**Exercise goal**
Retype exactly the lines below, starting with the line that contains "Splendid Women Riding boots, Fashion, Boots" and ending with the last line; leave out any pictures.

**Given data**
..............................
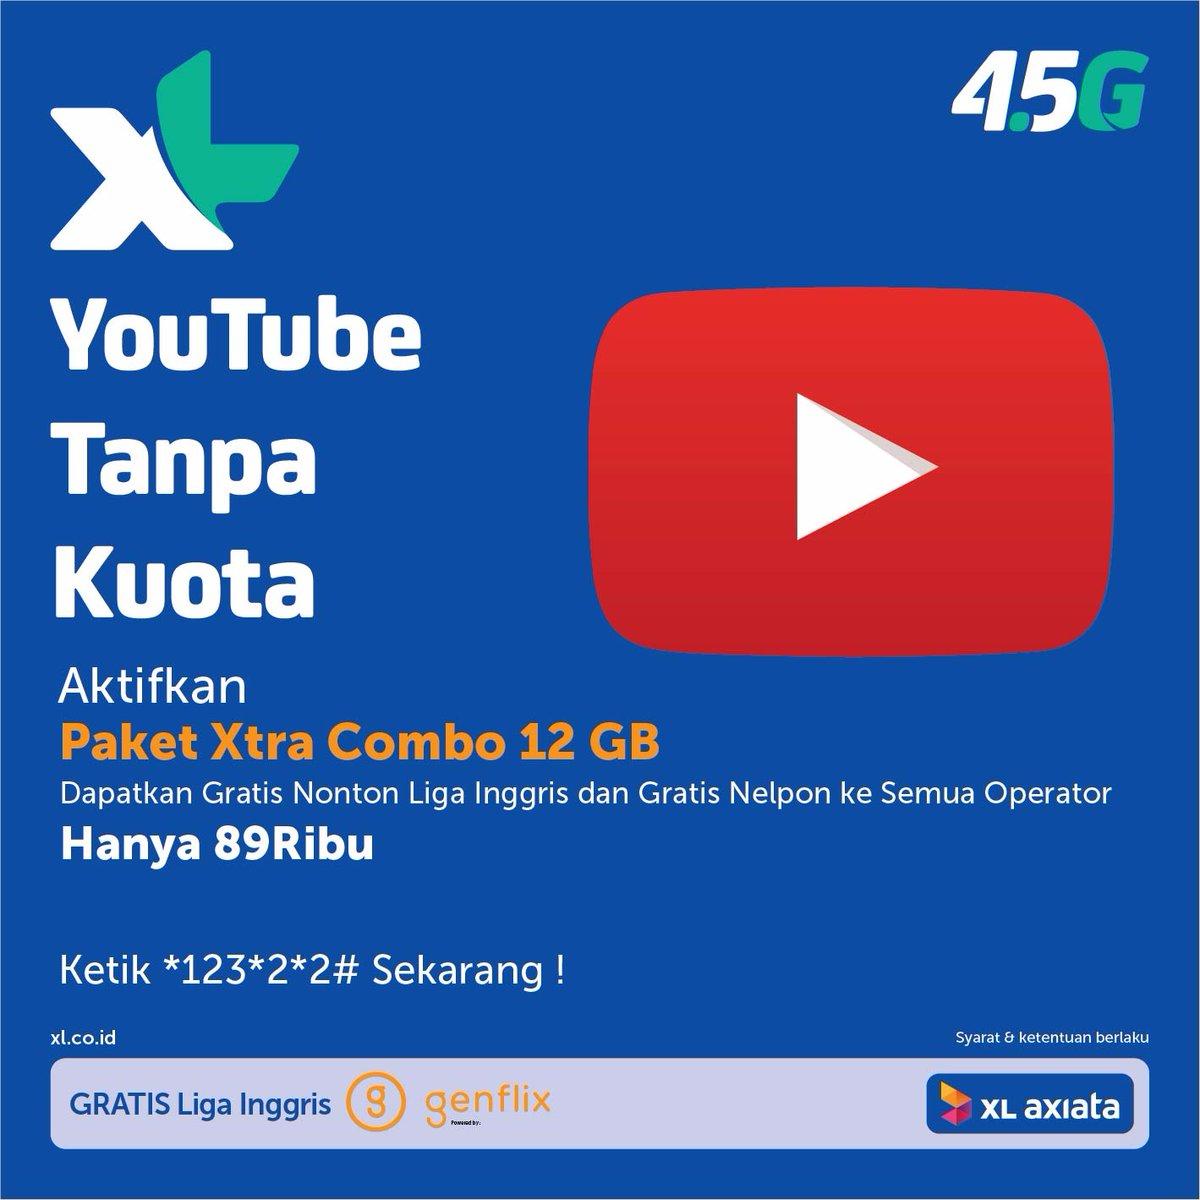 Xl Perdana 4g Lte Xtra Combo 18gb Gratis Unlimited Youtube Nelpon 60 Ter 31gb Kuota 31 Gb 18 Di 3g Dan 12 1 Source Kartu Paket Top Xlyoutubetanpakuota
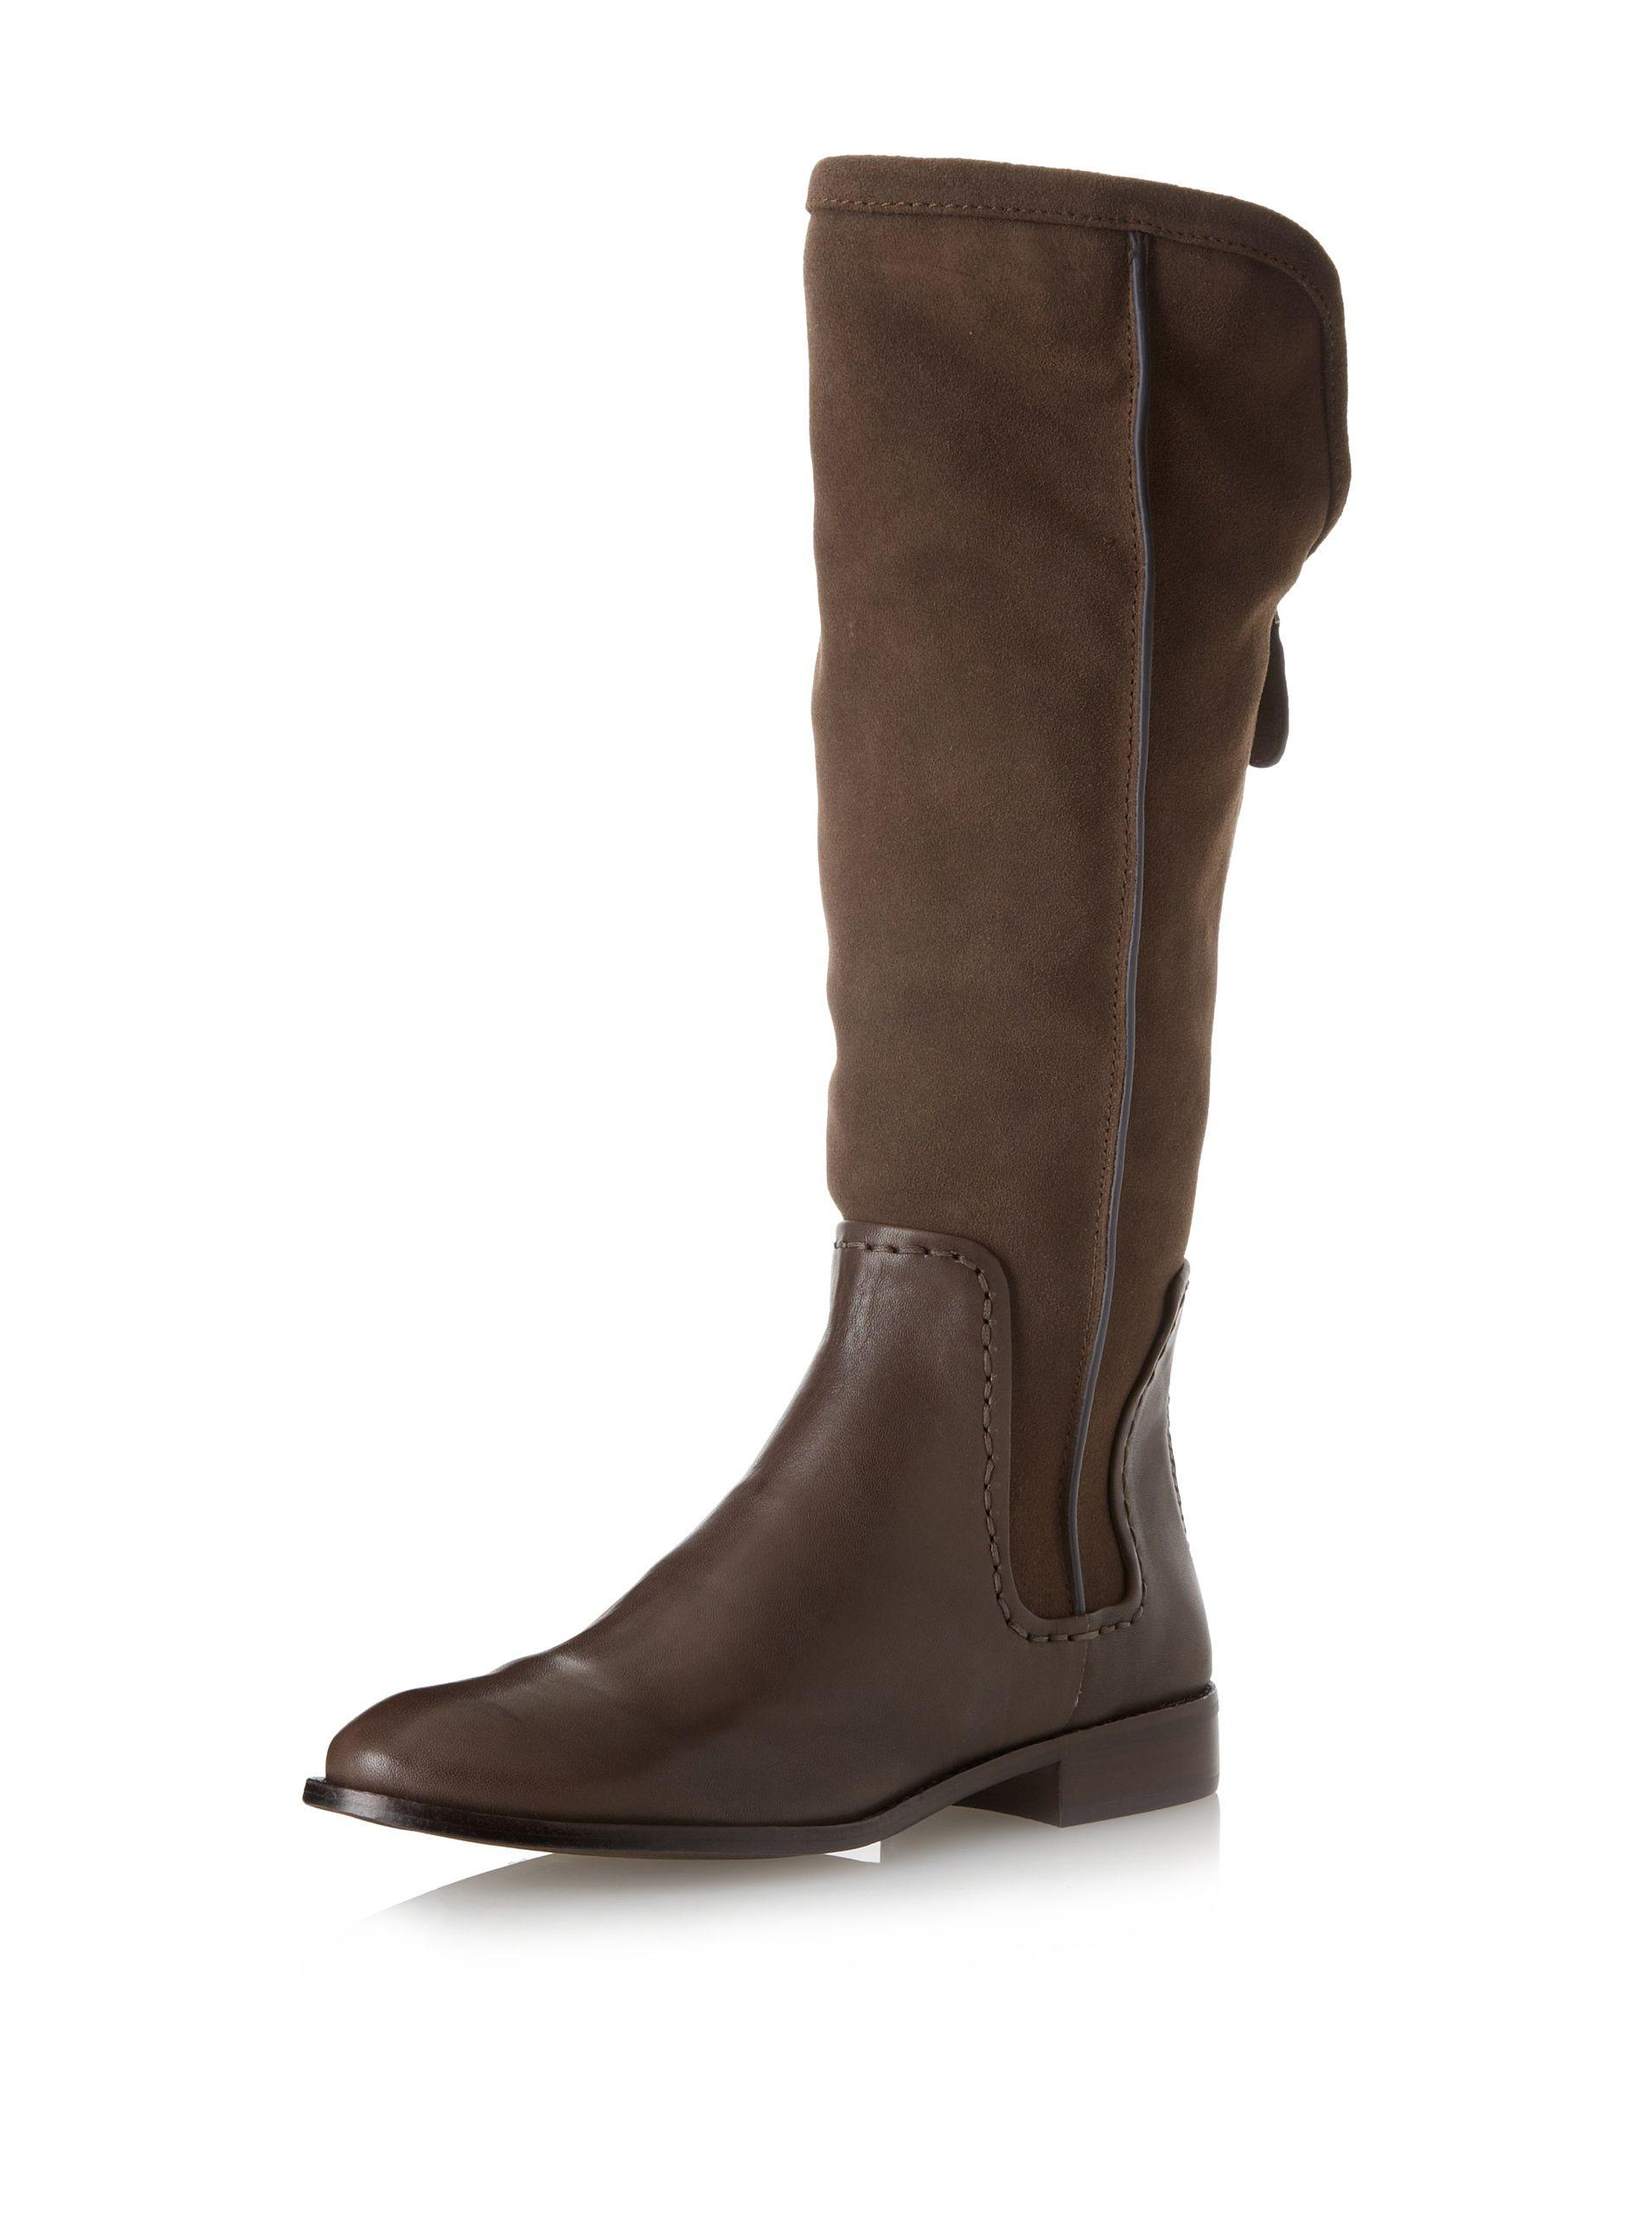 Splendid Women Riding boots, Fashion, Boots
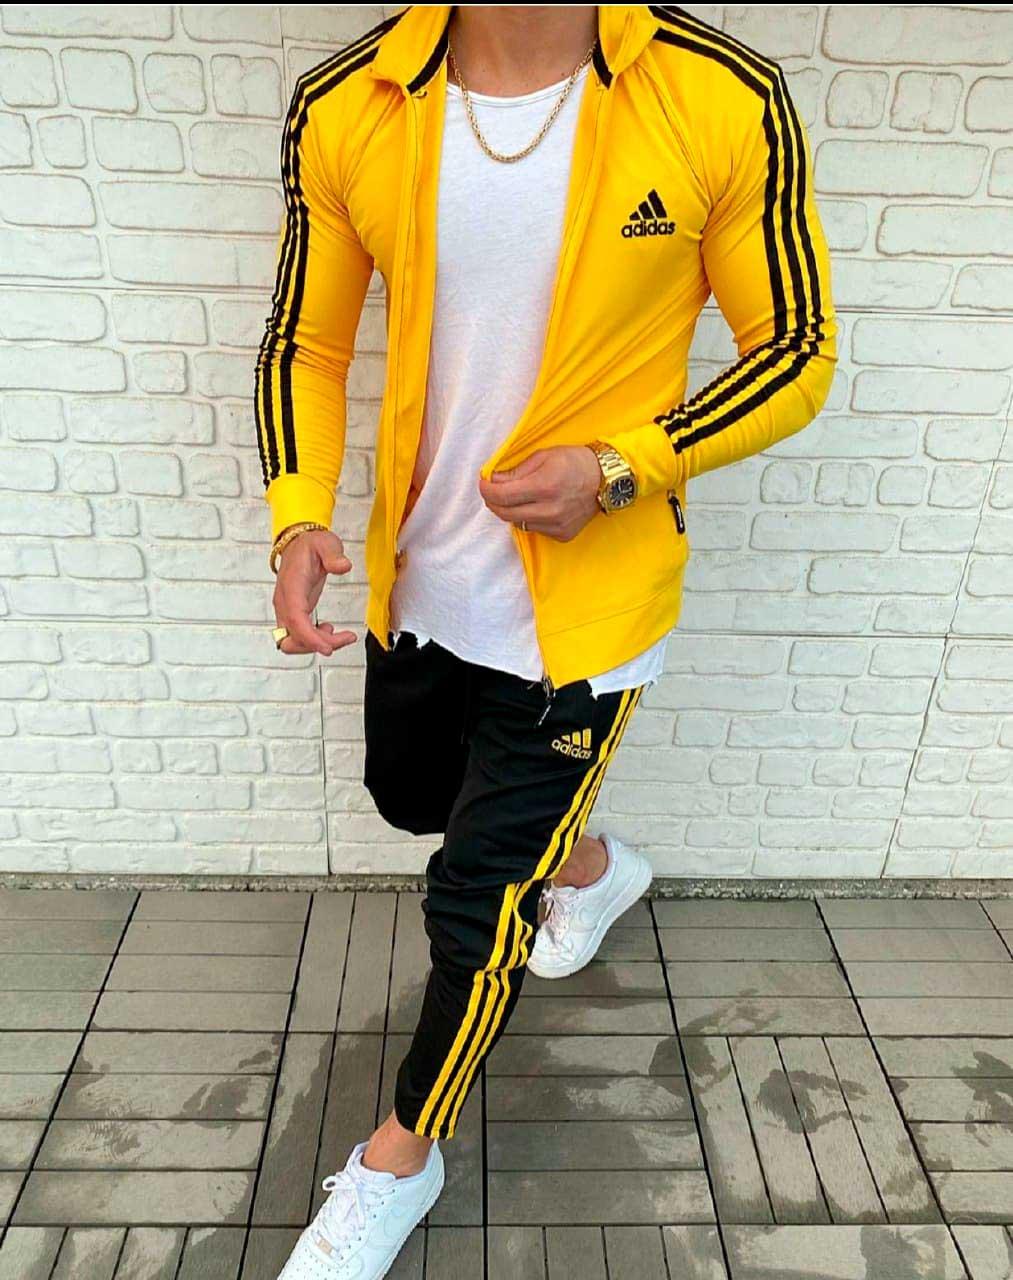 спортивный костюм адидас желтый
..............................
**Answer to the exercise**
 Splendid Women Riding boots, Fashion, Boots
 спортивный костюм адидас желтый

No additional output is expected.